[The task] Since the records include pictures, leave those out while you reproduce exactly and only the lines from the one containing "Gareth Bale del" through the one containing "Dona Miss 1808-42", inclusive.

[Task material]
★ ★ ★ ★ ★

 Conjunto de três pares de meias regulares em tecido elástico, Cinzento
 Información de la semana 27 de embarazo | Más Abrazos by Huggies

★ ★ ★ ★ ★

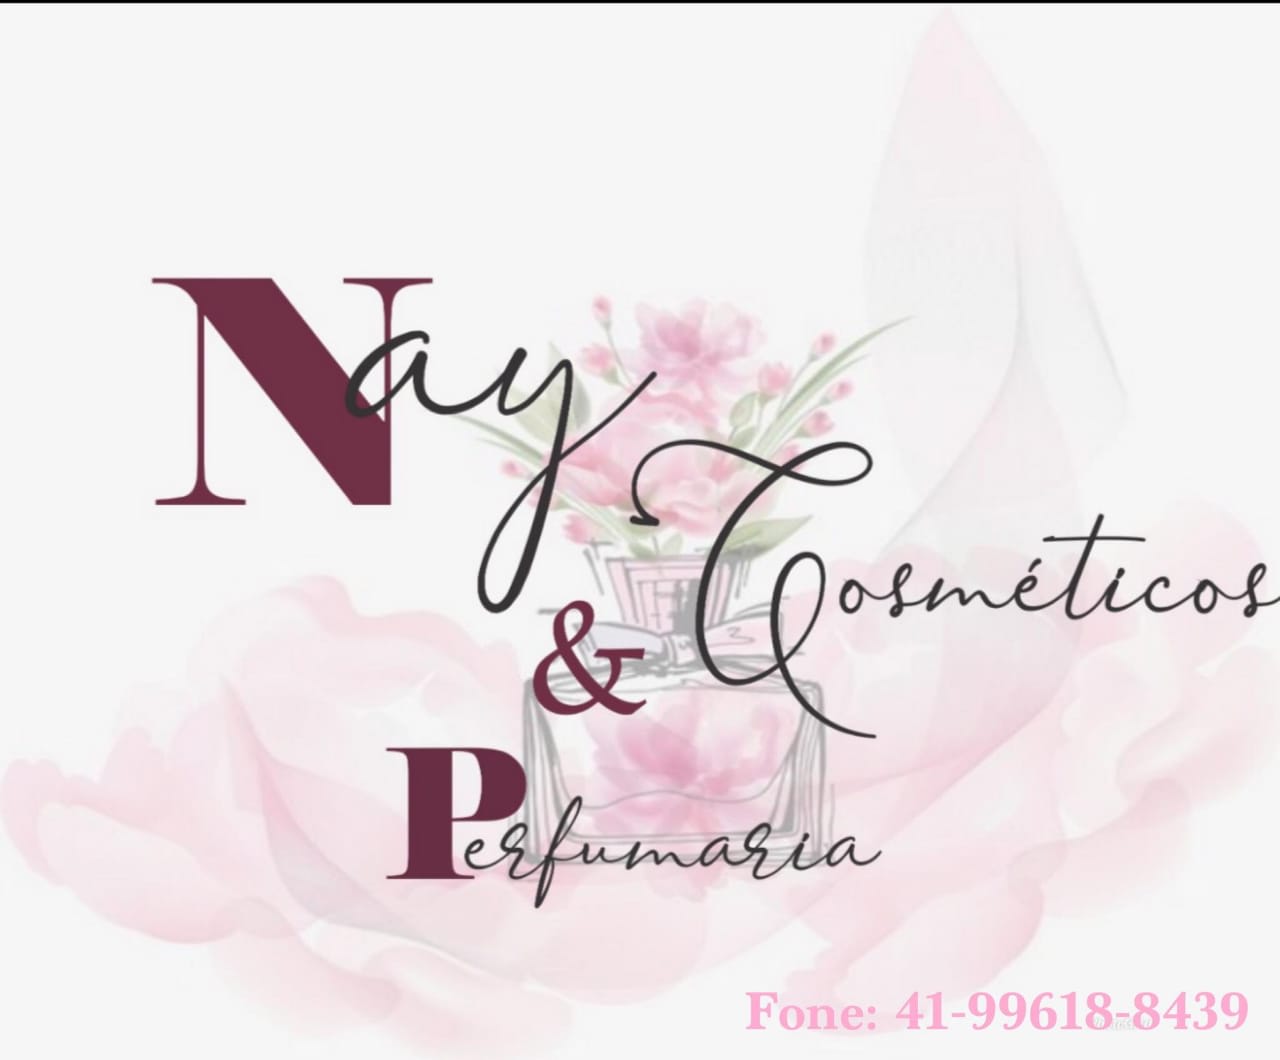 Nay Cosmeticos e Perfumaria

★ ★ ★ ★ ★

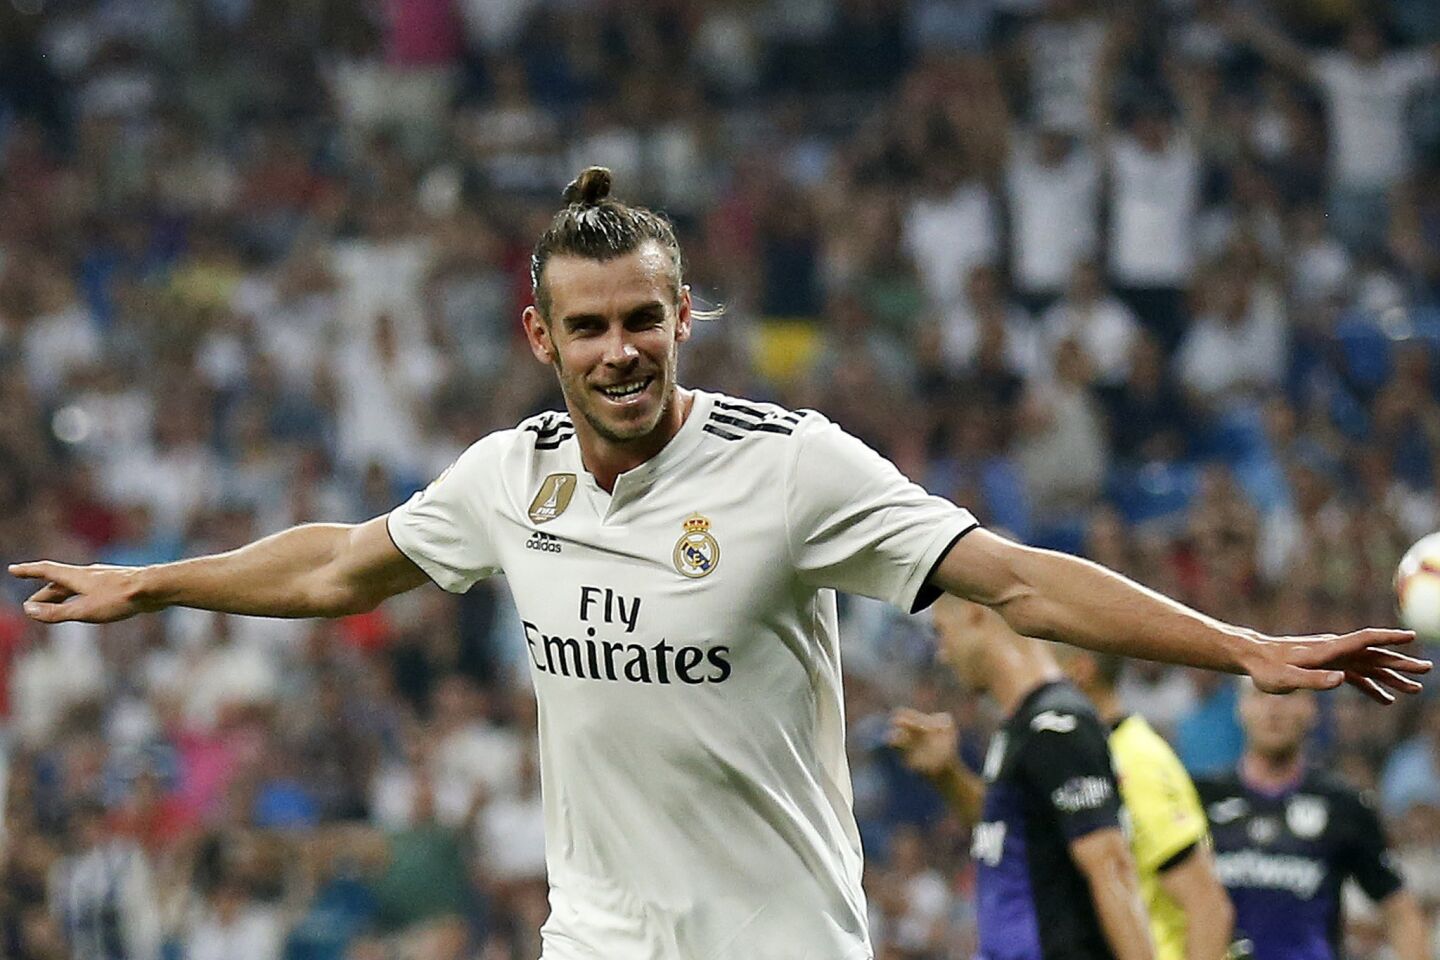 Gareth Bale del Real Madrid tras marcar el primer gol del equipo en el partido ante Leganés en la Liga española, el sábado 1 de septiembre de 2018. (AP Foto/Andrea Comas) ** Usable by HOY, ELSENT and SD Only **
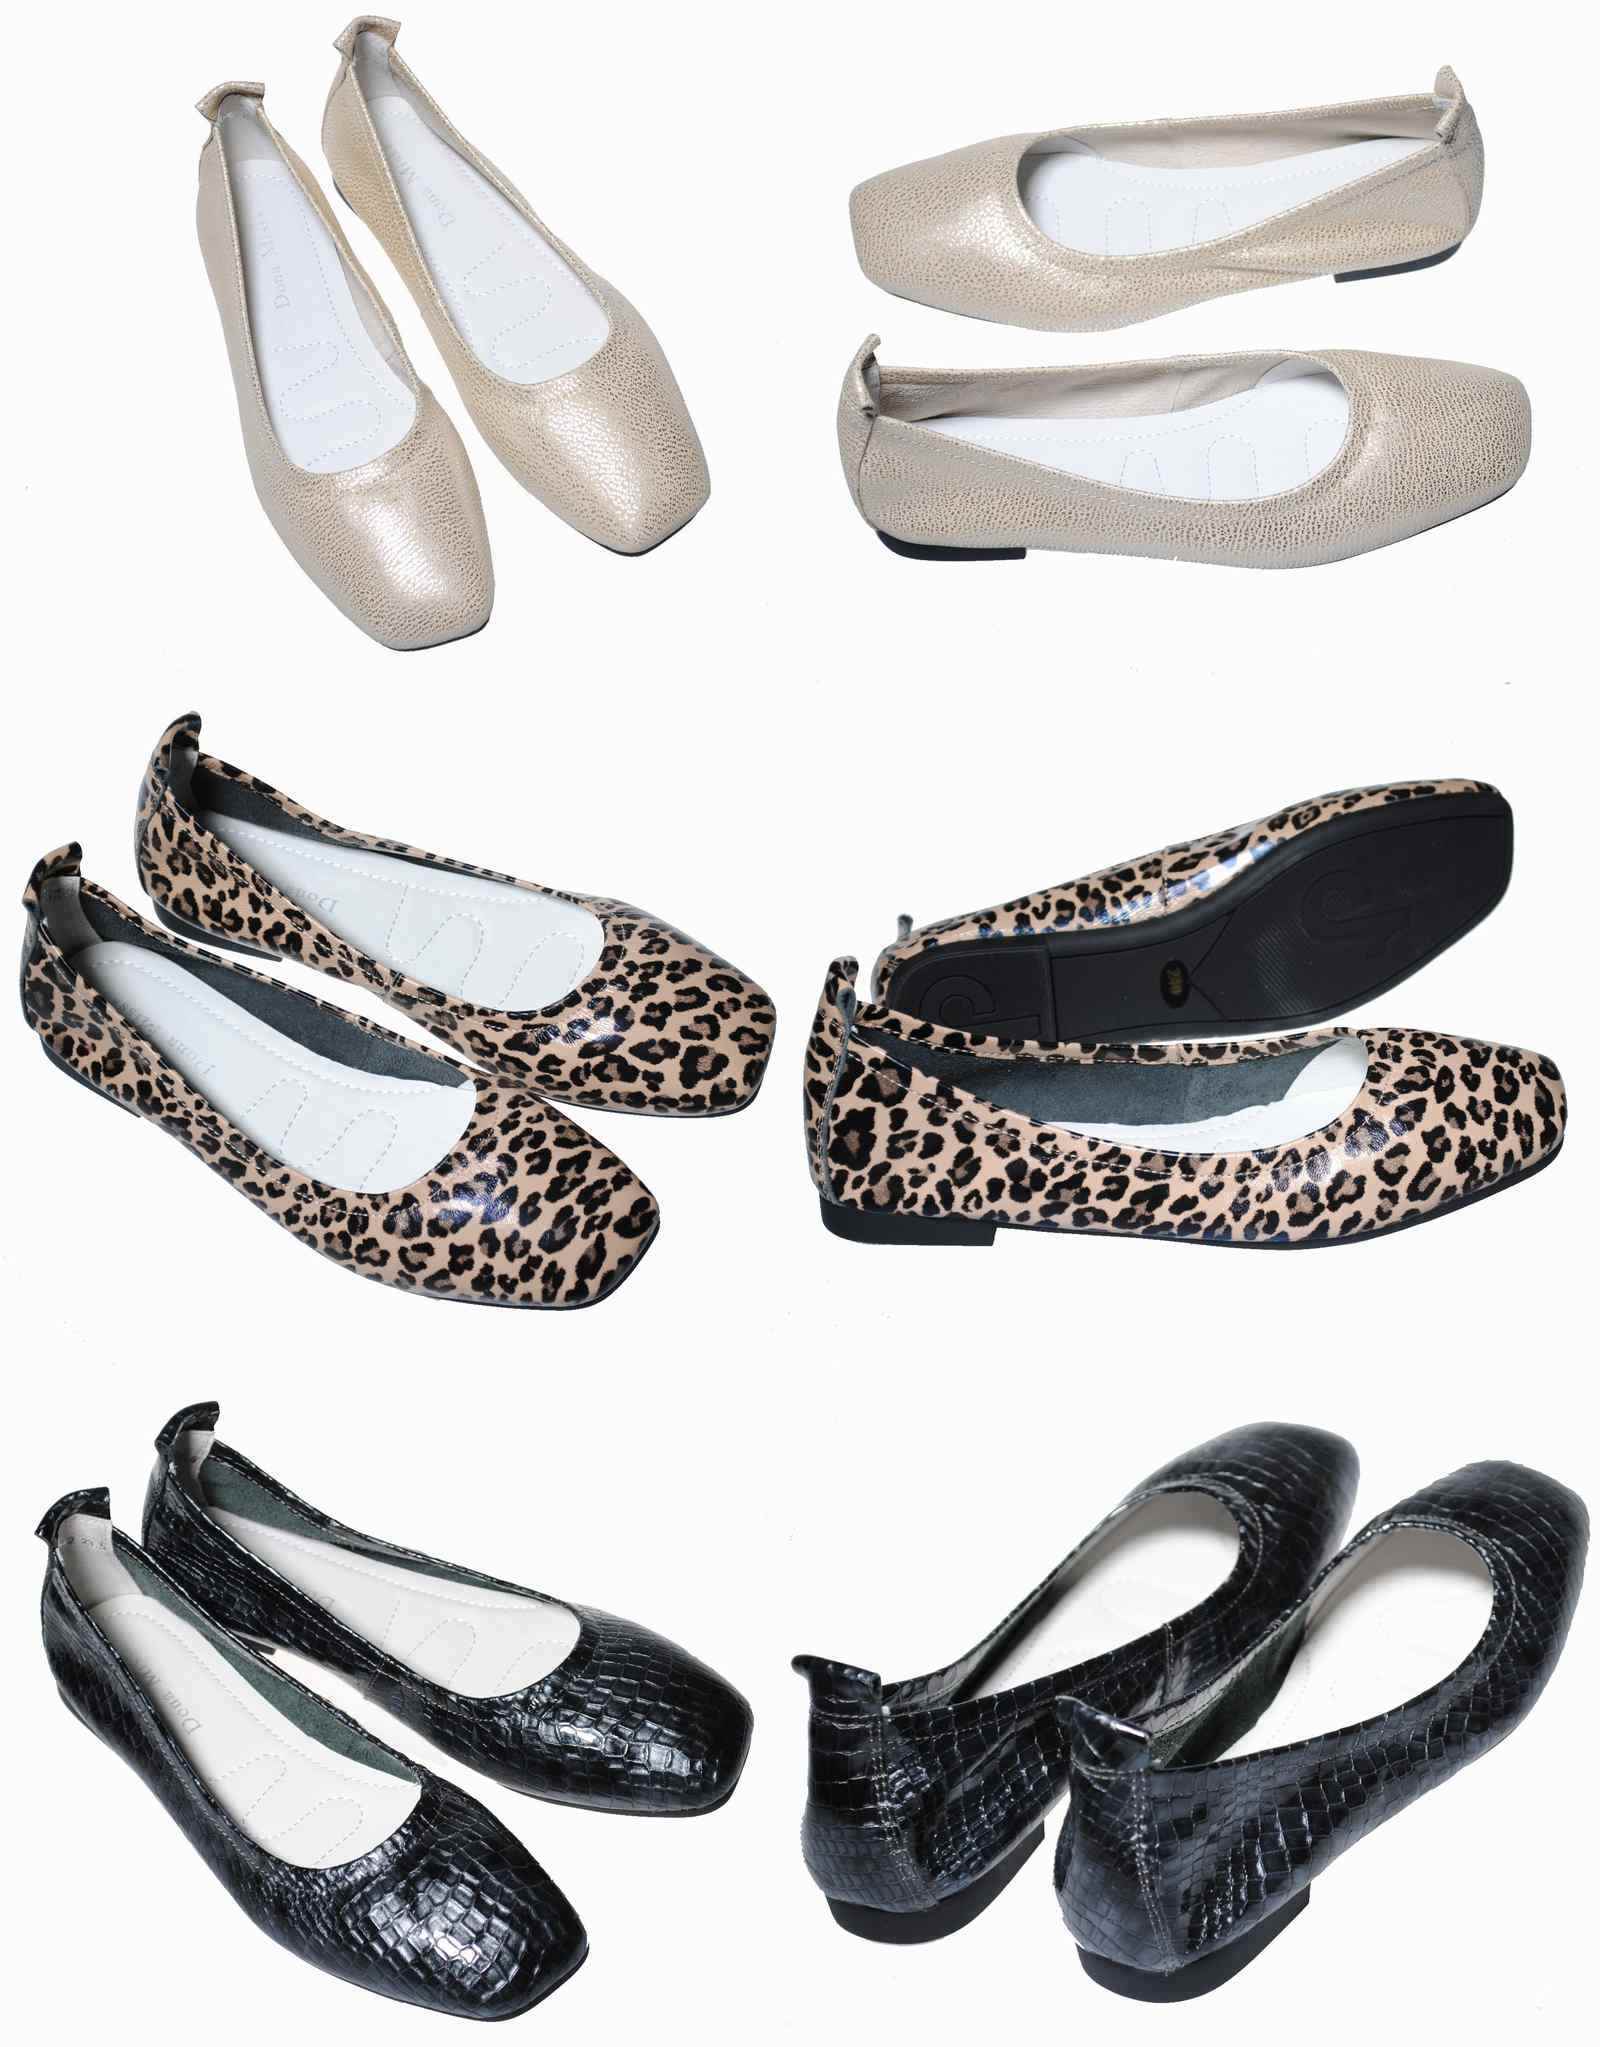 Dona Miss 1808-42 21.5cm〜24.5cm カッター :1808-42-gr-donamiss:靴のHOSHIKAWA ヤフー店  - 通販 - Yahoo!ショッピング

★ ★ ★ ★ ★

[Exercise output]
 Gareth Bale del Real Madrid tras marcar el primer gol del equipo en el partido ante Leganés en la Liga española, el sábado 1 de septiembre de 2018. (AP Foto/Andrea Comas) ** Usable by HOY, ELSENT and SD Only **
 Dona Miss 1808-42 21.5cm〜24.5cm カッター :1808-42-gr-donamiss:靴のHOSHIKAWA ヤフー店  - 通販 - Yahoo!ショッピング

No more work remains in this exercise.